Many civilian officials as well as overstayed and overstuffed staff officers, however, arrogated themselves to some exulted level that furthered their careers. Ambition blights the character of the mediocre, leading to abuses along the chain of command, civilian and military. With each of my four tours, the overall quality of personnel seemed to decline. Of course, there were enough exceptions to this mediocrity to make the work wothwhile. We soon networked together to keep our spirits high enough to finish the tour intact, if not unscathed.

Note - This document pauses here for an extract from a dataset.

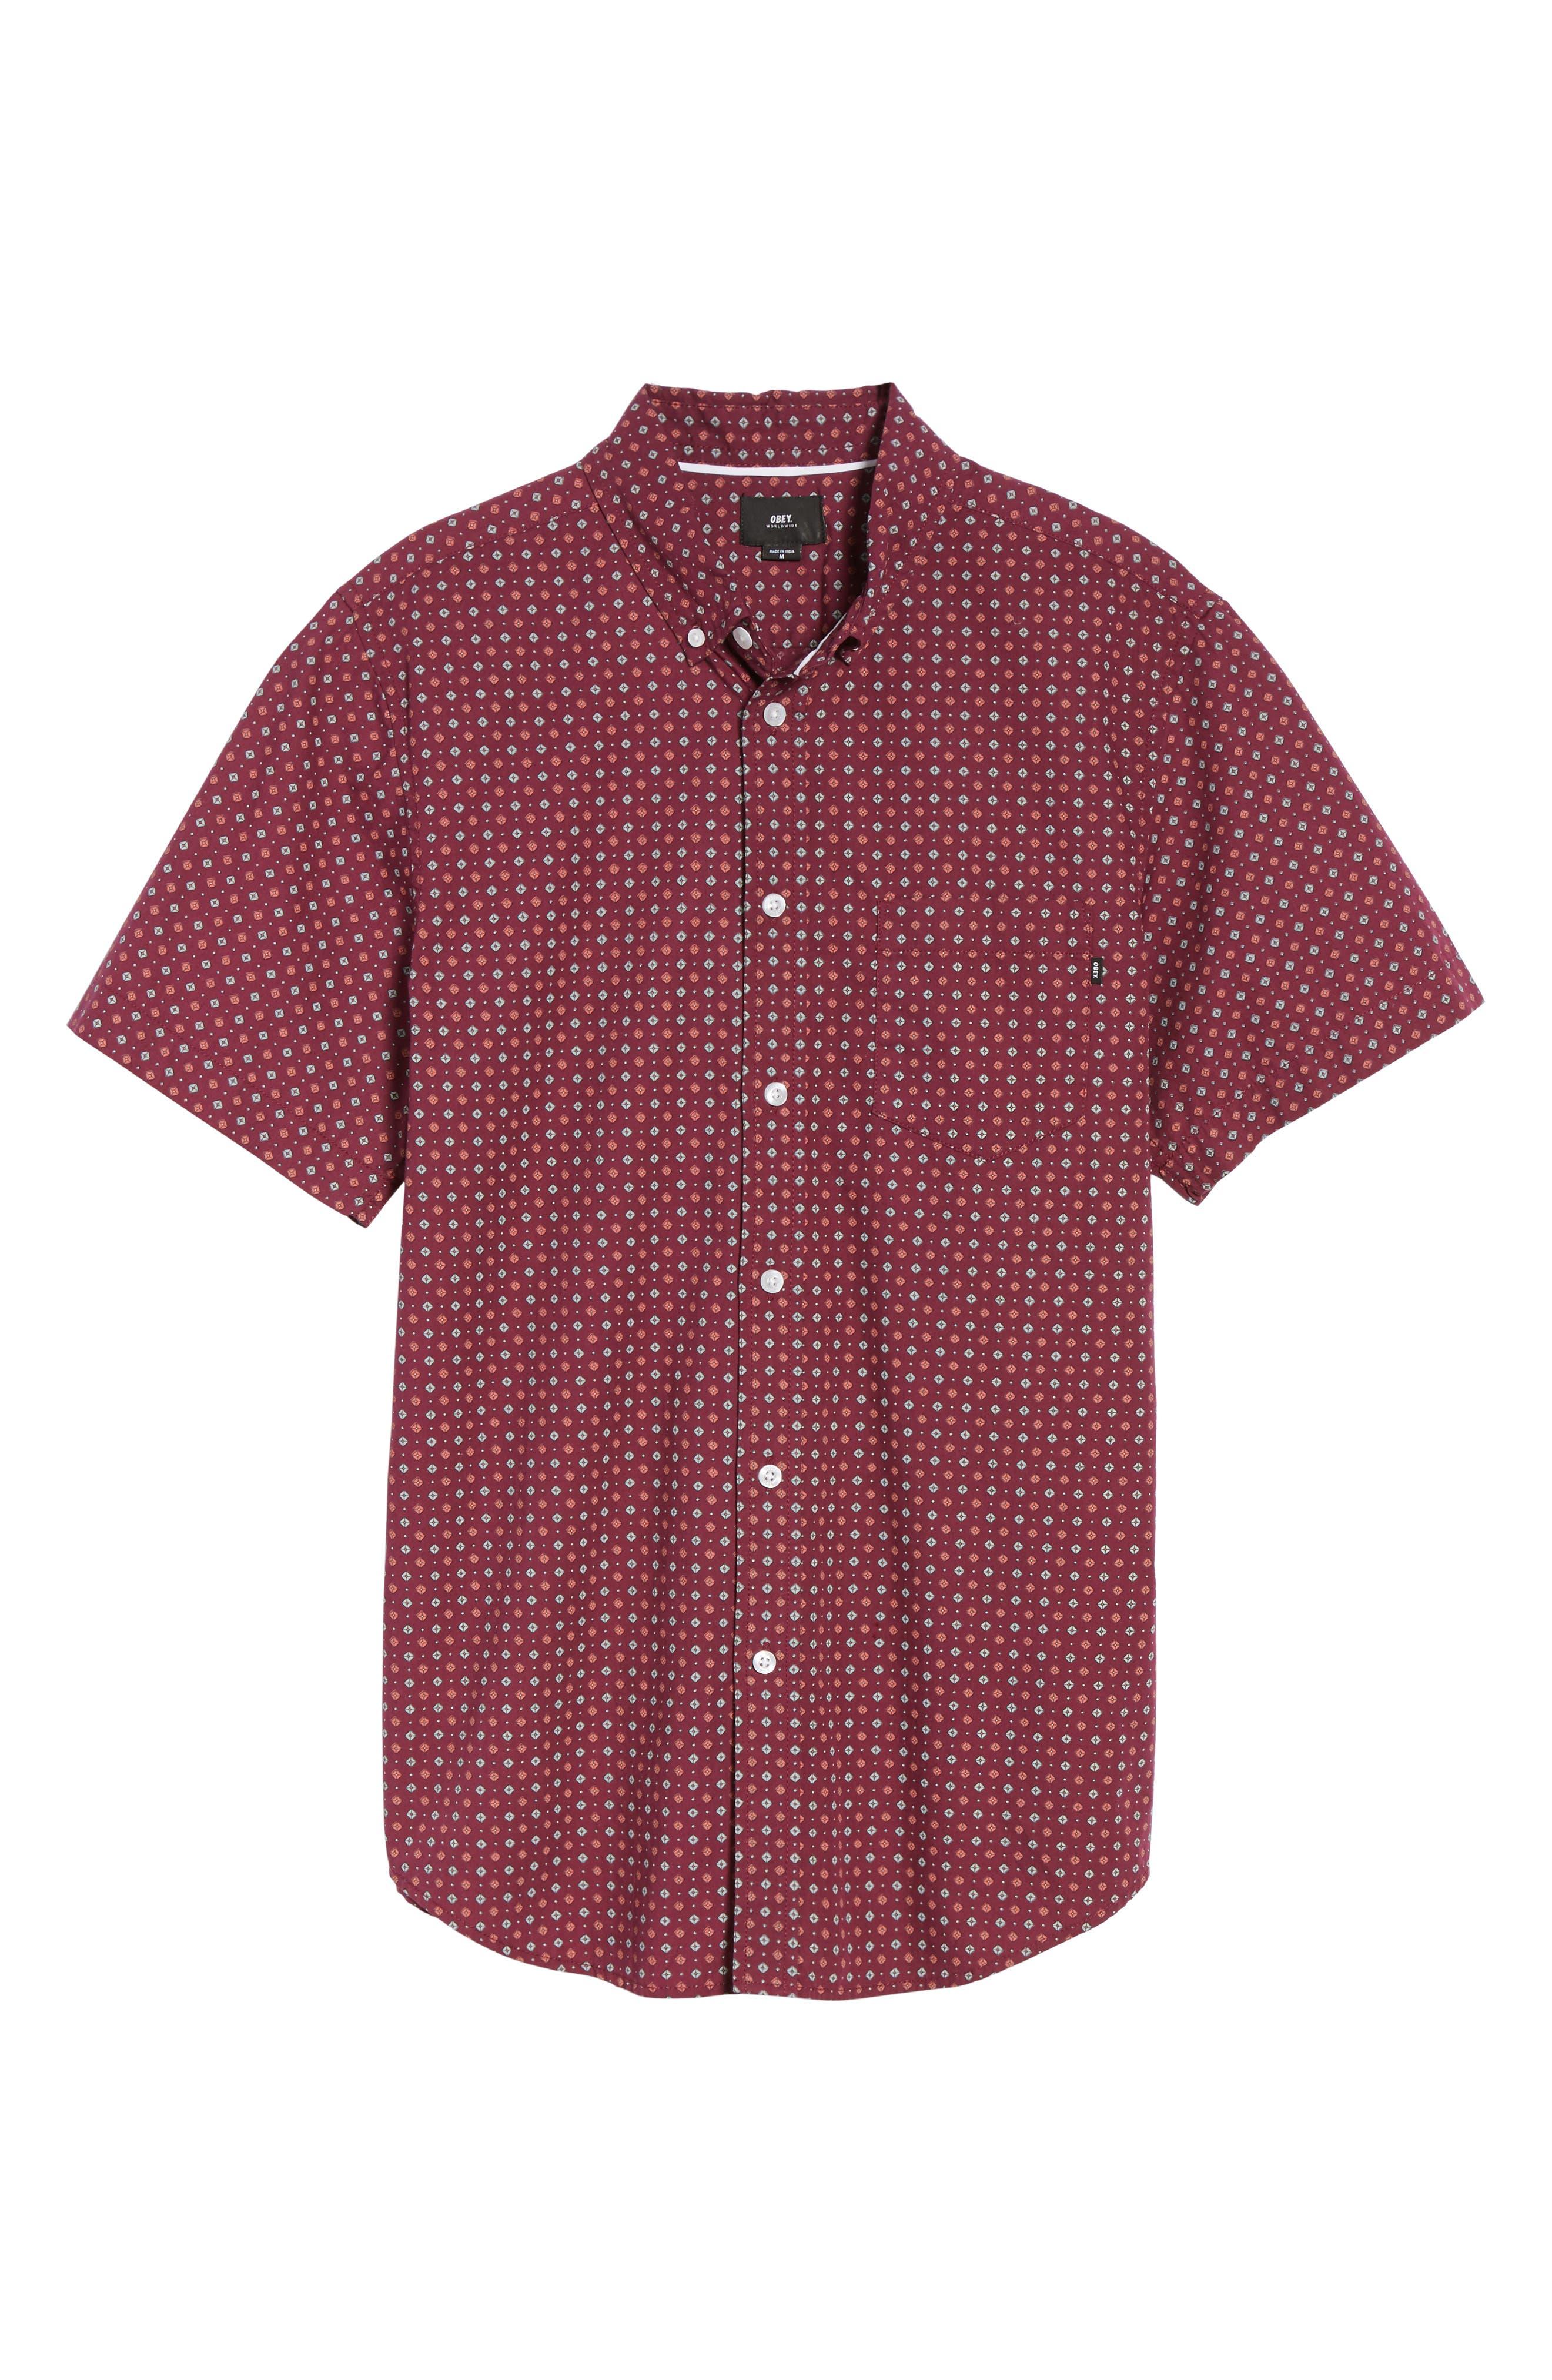 Sterling Woven Shirt,                             Alternate thumbnail 12, color,

The examples are many, too many for the scope of this brief
essay. The following sample of the things I saw were neither unique to my experience nor were exceptions to the norm:
- blatant theft of intellectual property and plagiarism by U.S. foreign service officers ranging from copying verbatim the content of web-sites and the translation of the intelligence of an allied non-English speaking Army to pass along as one’s own intelligence work;
- little to no monitoring and evaluation by over-worked officers in the Embassy, leading to routine falsification of reports in addition to fraud, waste and abuse;
- foreign service officers dispatching translators or other subordinates to follow and monitor the activities of rivals to undermine them;
- military officials routinely classifying information by no means confidential but embarrassing by casually conflating careers with the larger national security (that such classification is truly intended to protect);
- civilian ‘experts’ billing the U.S. government for twelve-to-sixteen hours per day for twelve-to-sixteen hours per week of actual work, on a good week;
- subject matter experts – so deemed – who defied sensible guidelines and specific instructions of the sovereign governments to experiment with techniques untested and often beyond their fields of knowledge; as well as,
- Defense Department civilian and military planners charting out the course of Iraq without ever speaking with host-country nationals seriously and hardly ever leaving the base…ever.

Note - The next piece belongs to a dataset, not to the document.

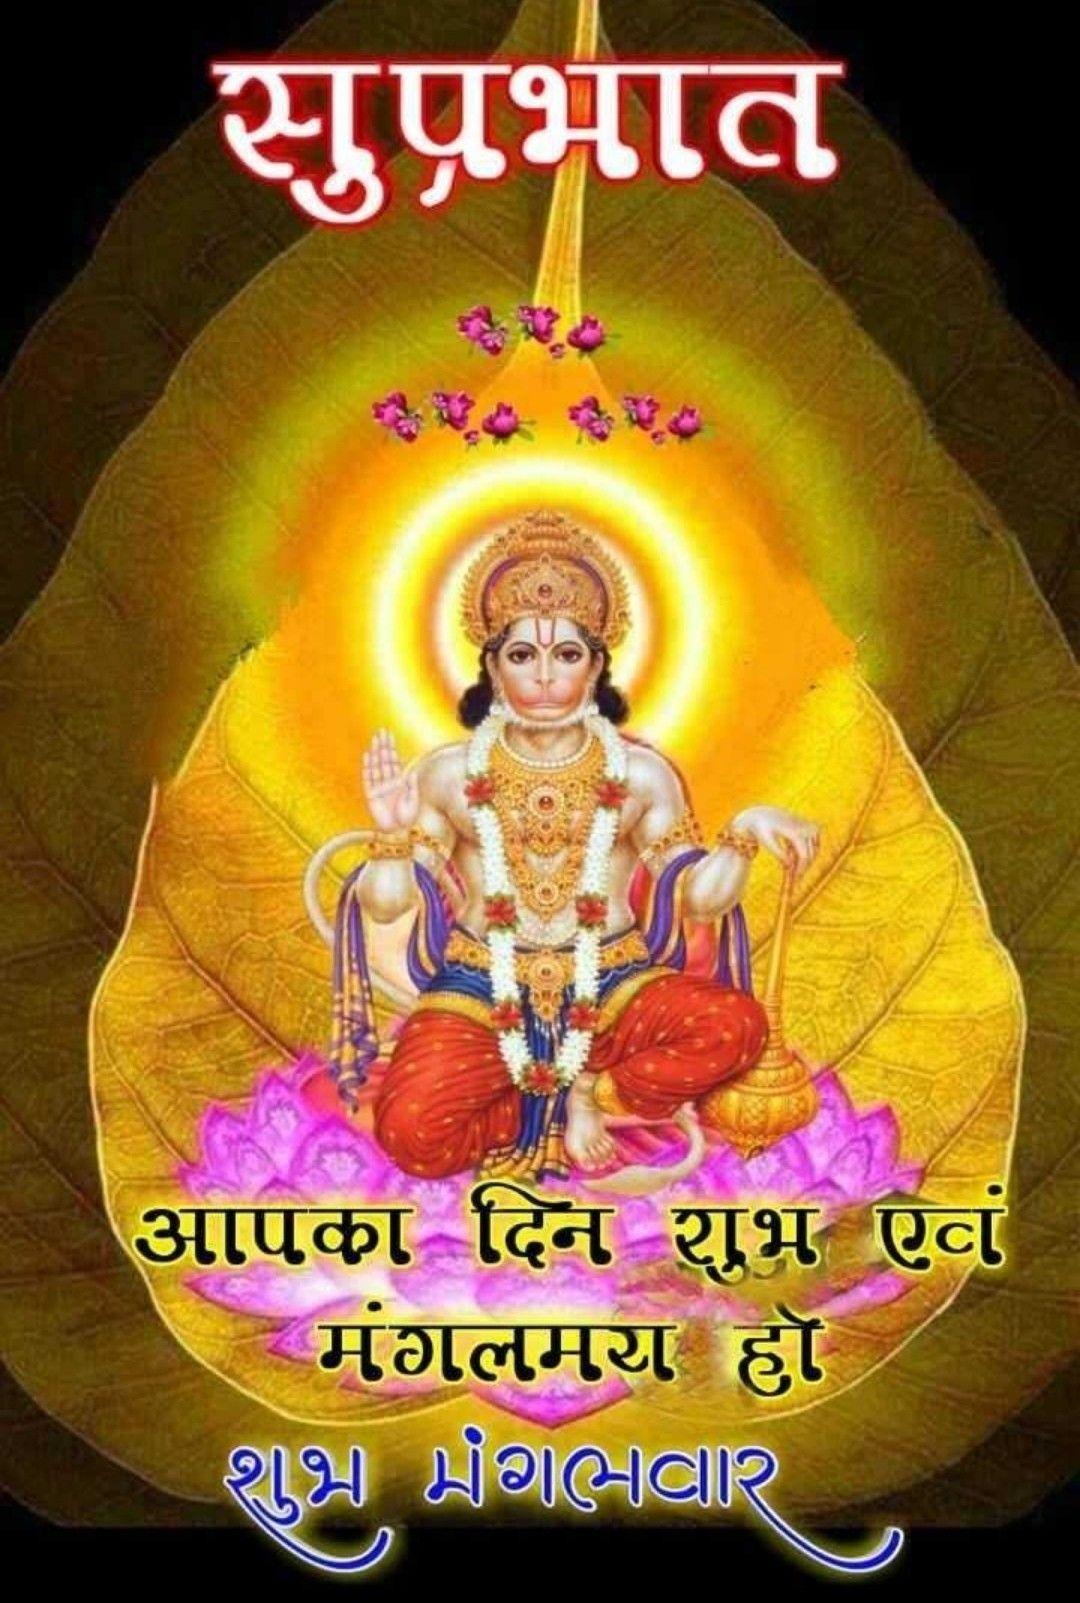 Pin by Ravinesh Kumar on Good morning | Image quotes ...

In essence, ‘we’ (i.e., those of us serving in these war
zones, mostly for the money) had disappointed our presidents and those compatriots
paying our salaries through their taxes.
If the nation can not manage to summon up enough intellectually honest
and financially prudent civilians and staff officers to support those younger brothers and sisters
in uniform, one must wonder if ‘whole-of-government’ interventionism is an
option for American exceptionalism or an excuse for a procurement boom.

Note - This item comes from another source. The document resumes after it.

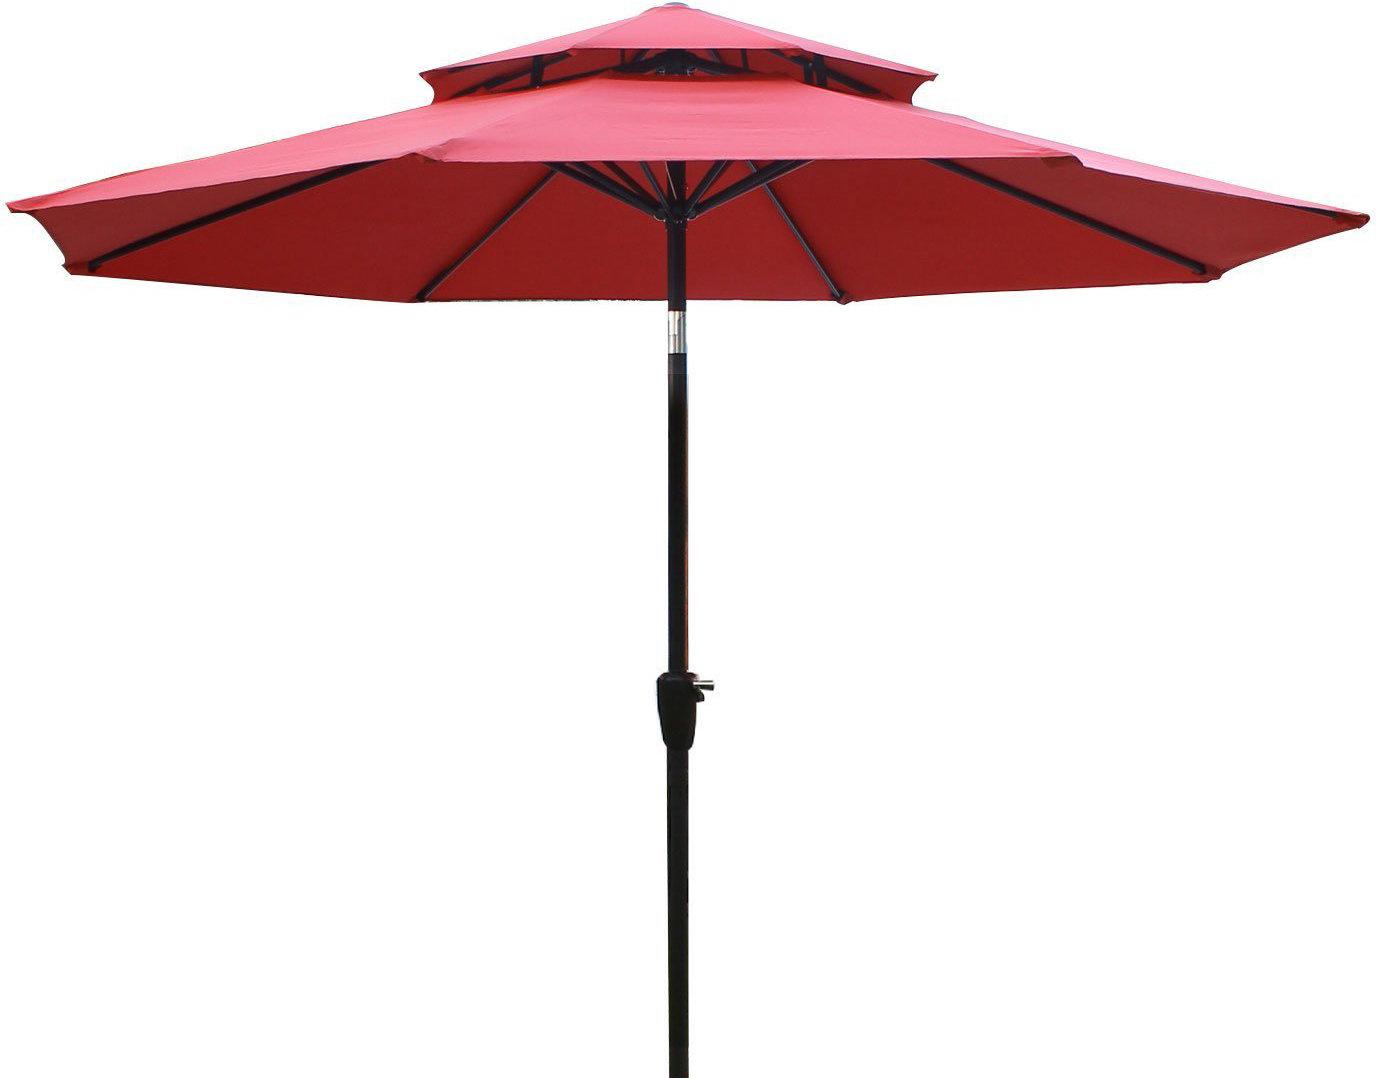 Fashionable Dimond 9' Market Umbrella With Lizarraga Market Umbrellas (View 15 of 20)

Serving my country – and some of the things I did do, both
small and notable – has had a supreme, if too long deferred, value in my life. Despite my personal struggles in Iraq and
Afghanistan, I really believe my country sincerely sought to do the ‘next right thing’ for those
beleaguered peoples; President Bush will always be a personal hero to me. This world is better for America being in it; America is likely better for President Bush having led it; and, America may be ever so slightly better for me being here.
Nevertheless, if the country regards its youngest warriors
as the Sunday morning clean-up crews minding the detritus left behind by policy failures and poor decisions of civilian or staff military leadership; if
most of the civilians who serve in these war-time capacities are mediocre or
worse; if adventurism is pursued for the bottom-line of defense contractors and
USAID implementing partners, the mission is already lost and it is time to
re-group and re-think and not groupthink.